The Cecil H. and Ida Green Center for Reproductive Biology Sciences celebrates a growing list of achievements

A woman and man wearing lab coats, standing in front of a metal shelving unit holding unused test tubes, studying papers in front of them. Logo - Green Center for Reproductive Biology Sciences, 50 Years
The Green Center is led by Director W. Lee Kraus, Ph.D., (right), who closely collaborates with Catherine Y. Spong, M.D., Chair of Obstetrics and Gynecology.

In 1974, the Cecil H. and Ida Green Center for Reproductive Biology Sciences opened at UT Southwestern with the goal of promoting innovative and collaborative basic and translational research to improve women’s health.

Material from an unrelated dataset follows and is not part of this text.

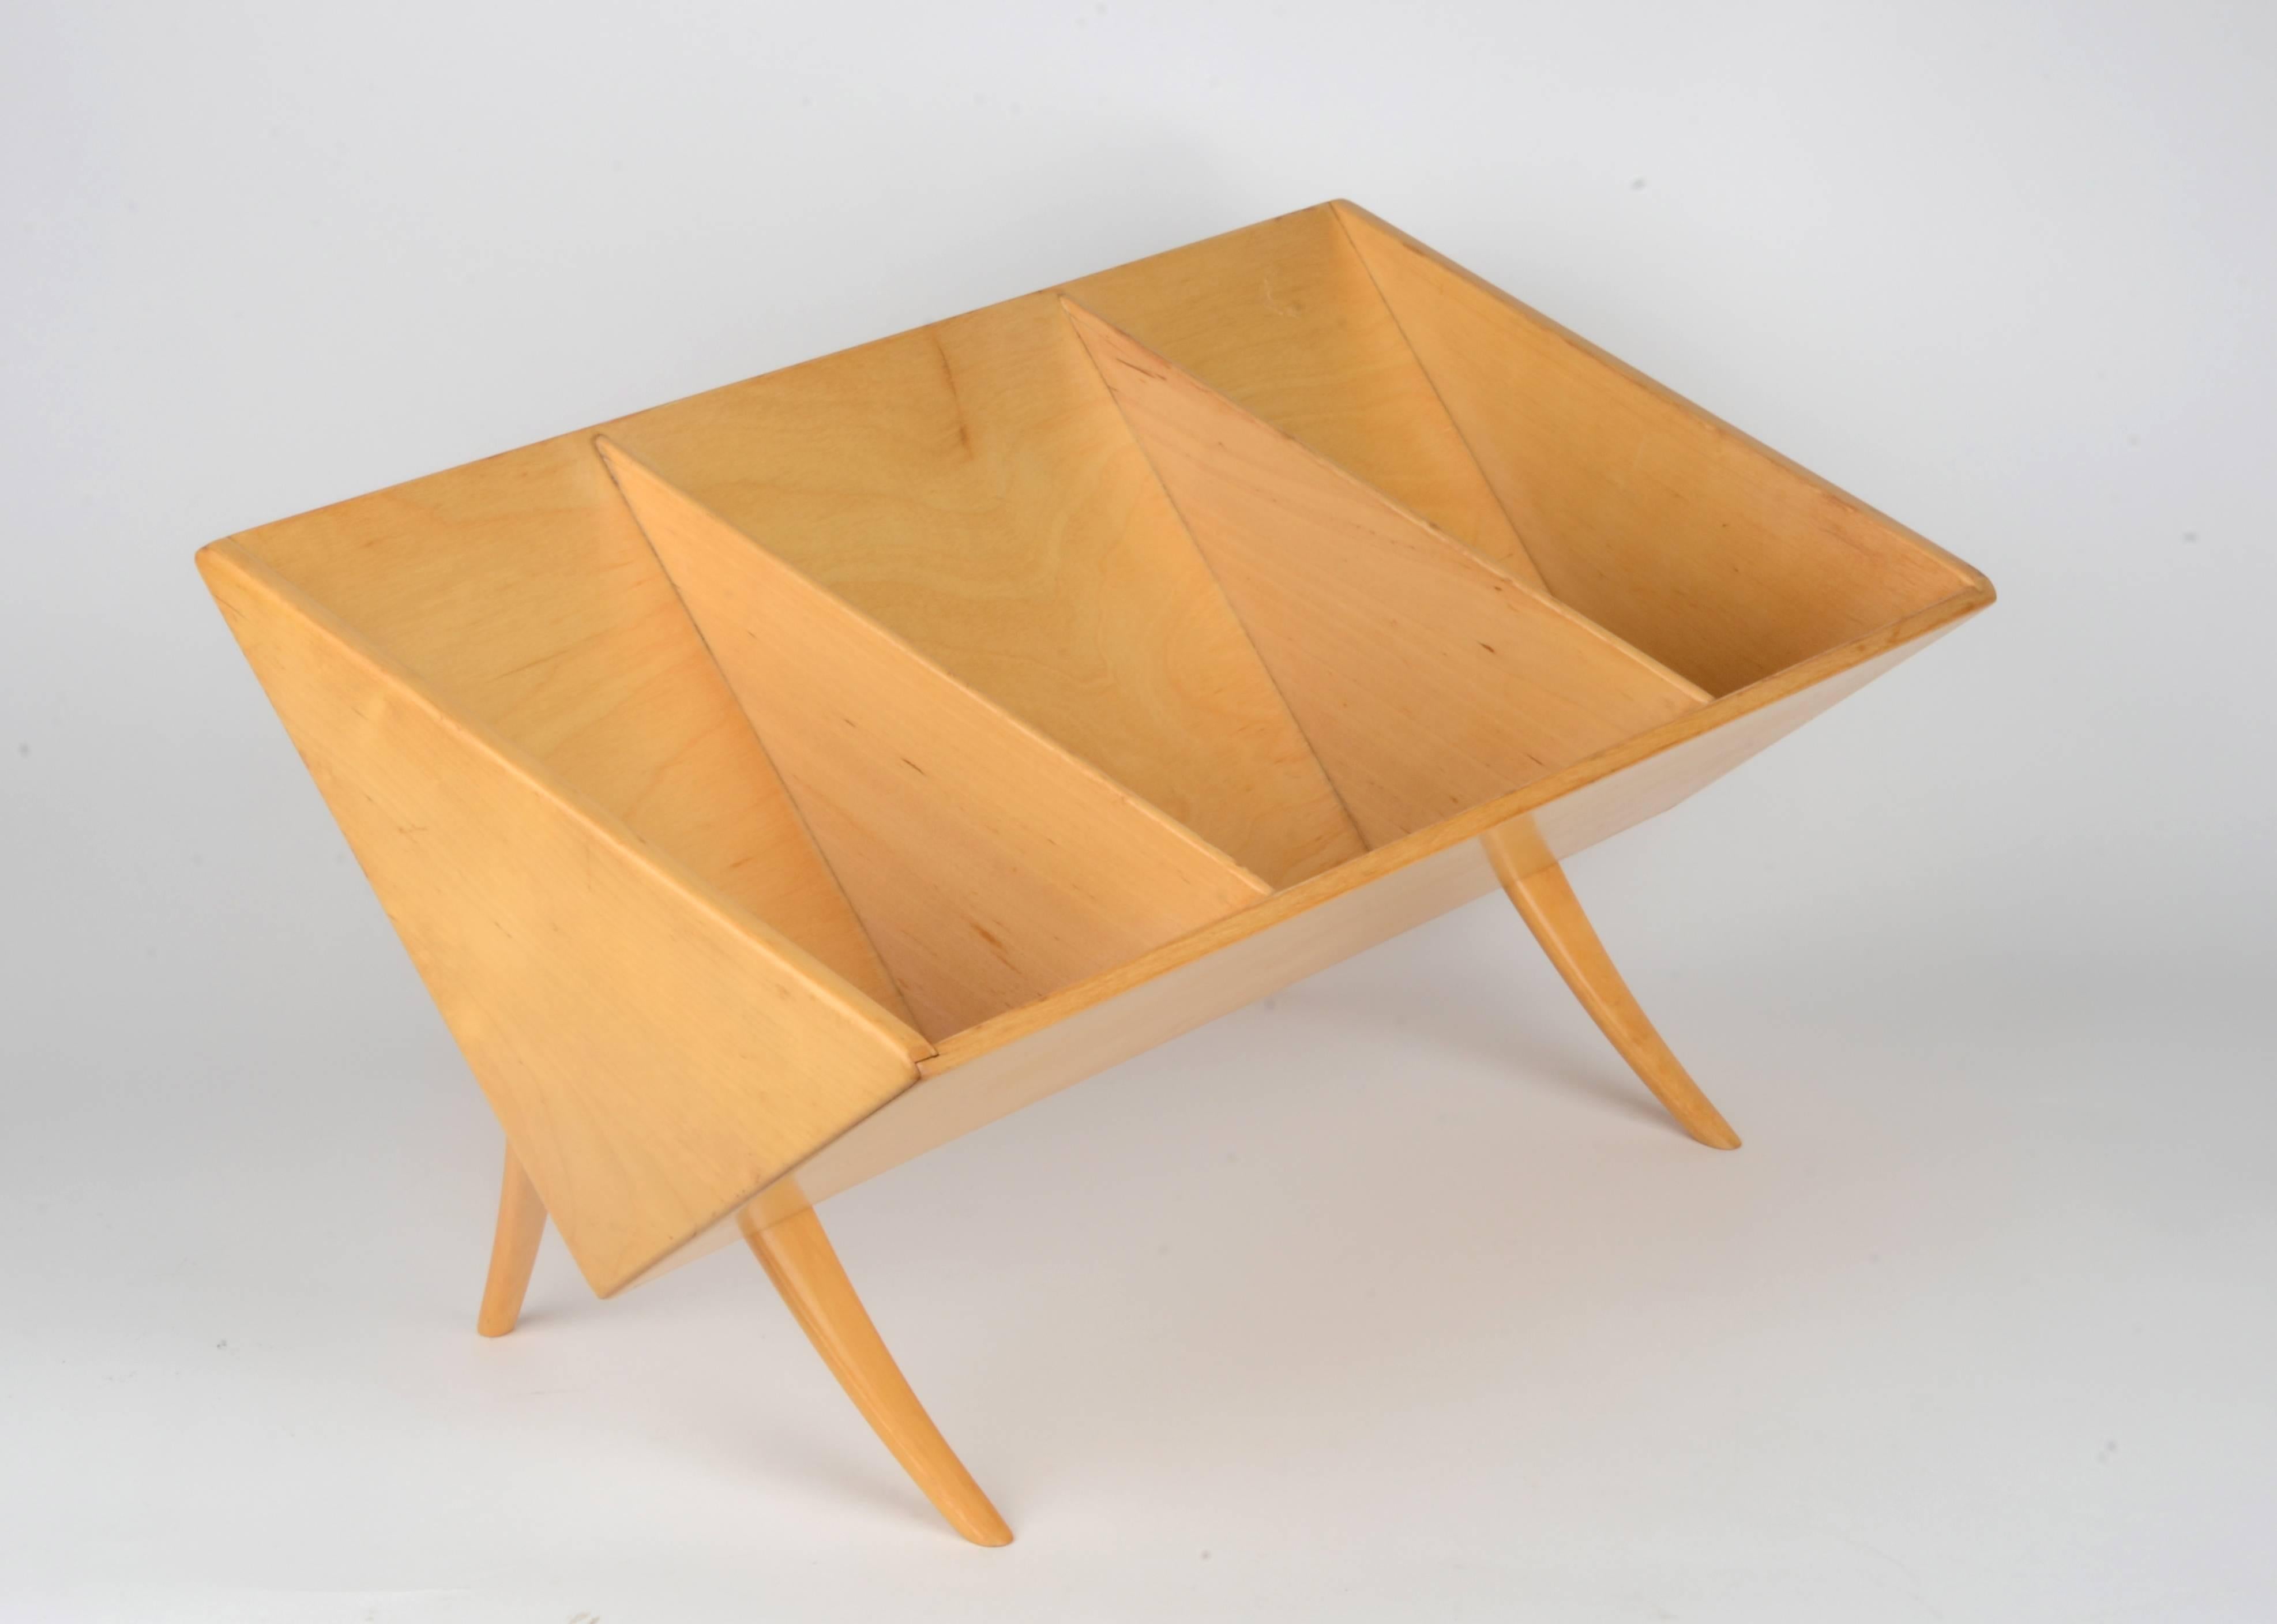 Book crib designed by Bruno Mathsson for Firma Karl Mathsson, in 1941. In beech, this example is from the 1960s.

The five decades that followed have been marked by recognition, reinvention, and growth.

Initially, the focus was on problems affecting women’s reproductive health and included female biology, infant development, and labor and birth. But over the years, the Center broadened its investigations to gene regulation, genomics, and male reproductive physiology.

Smiling man with gray hair and beard, wearing a dark jacket over a white shirt.
Dr. Kraus, Director since 2010, moved the Center’s focus to a broader view. “Reproductive biology is really all biology, and we are showing how the process of gene regulation can control all aspects of it,” he said.

Today, under the leadership of Director W. Lee Kraus, Ph.D., the Green Center has established an international reputation and expertise in broadly defined reproductive biology and affirmed its commitment to fundamental questions related to reproduction and gene regulation.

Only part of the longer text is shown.